Instructional Promotional Offer

            So, I’m just finishing up my last polish of Ex-Isle, which means no real post this week. Sorry.
            However…  My publisher, Crown, just started a promotion for my new book, The Fold, (out in hardcover two months from today).  Pre-order the book now from your favorite local store (if you haven’t already), enter your info over at my other website, and you’ll get a free galley copy, one of the early, unedited trade paperbacks that was sent out to reviewers, some book stores, and so on.
            What does this mean for you, reader of the ranty blog?
            It means you’ve got a chance to see an earlier draft (the first layout, essentially) and the final novel side by side.  You can read the book, then go through the earlier version and find all the places my editor and I changed things. Every tweakand adjustment as we prepared the book to go to the printer.  And there are a lot of them, so it’s a worthwhile exercise. And all it costs you is… well, pre-ordering the book.
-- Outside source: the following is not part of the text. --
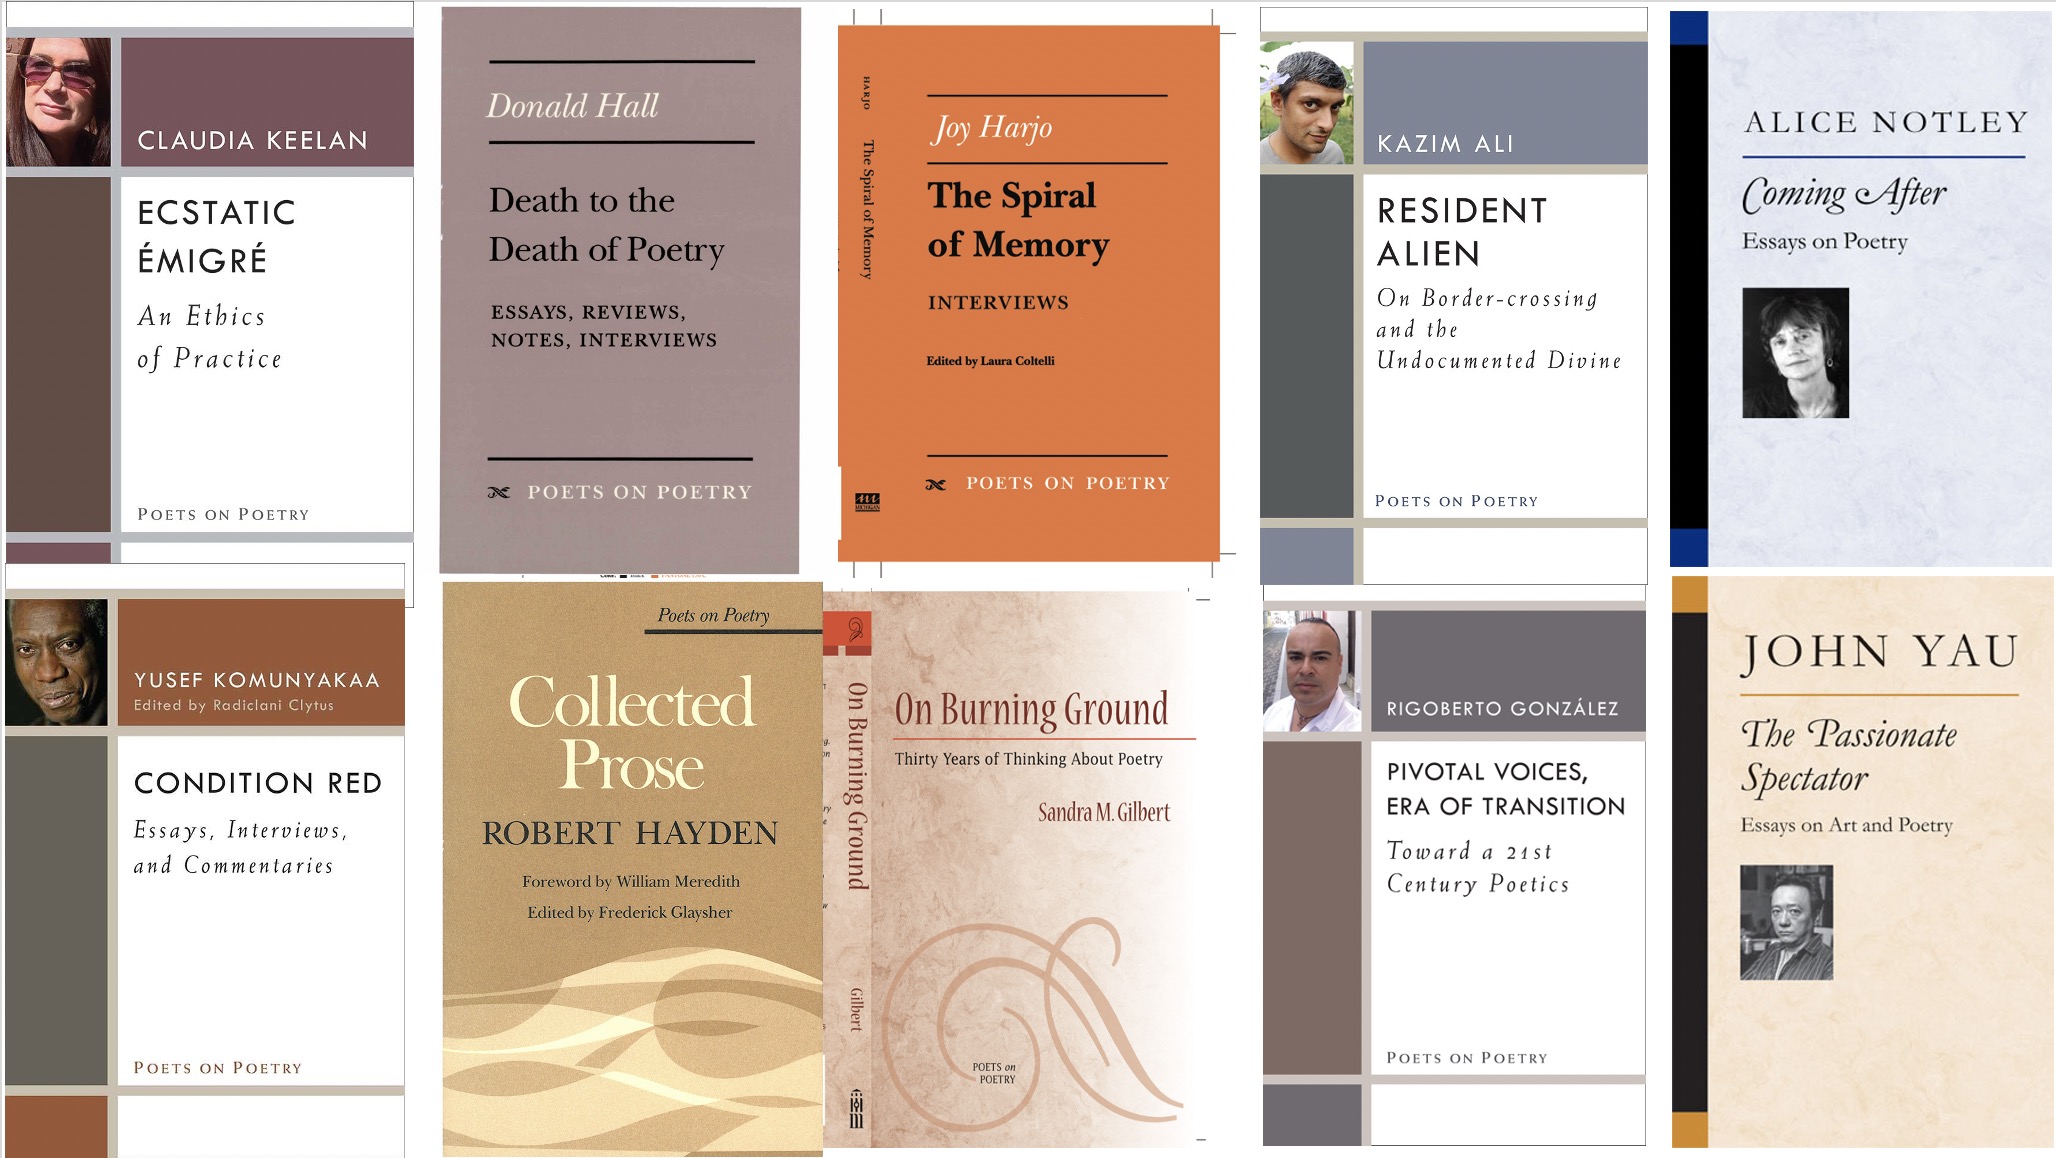 Collage of ten selected covers for the Poets on Poetry relaunch: (from top left to bottom right) Keelan, Hall, Harjo, Ashbery, Notley, Komunyakaa, Hayden, Gilbert, Gonzalez, Yau

            And heads up—there are only about a hundred or so galley copies available for this, and I think over a dozen of them have been claimed since this promotion started yesterday.  Also, just because it needs to be said… you can’t “pre-order” the book once it comes out.  So there is a time issue involved here.
            Finally, for the record, I’m doing signings at Mysterious Galaxy in San Diego, Dark Delicacies in Los Angeles, and Borderlands Books in San Francisco.  So pre-order your book from them and then come back so I can scribble in it.
            And next week… back to our regularly scheduled ranting.
            Until then, as the Trickster would say, write, write, WRITE!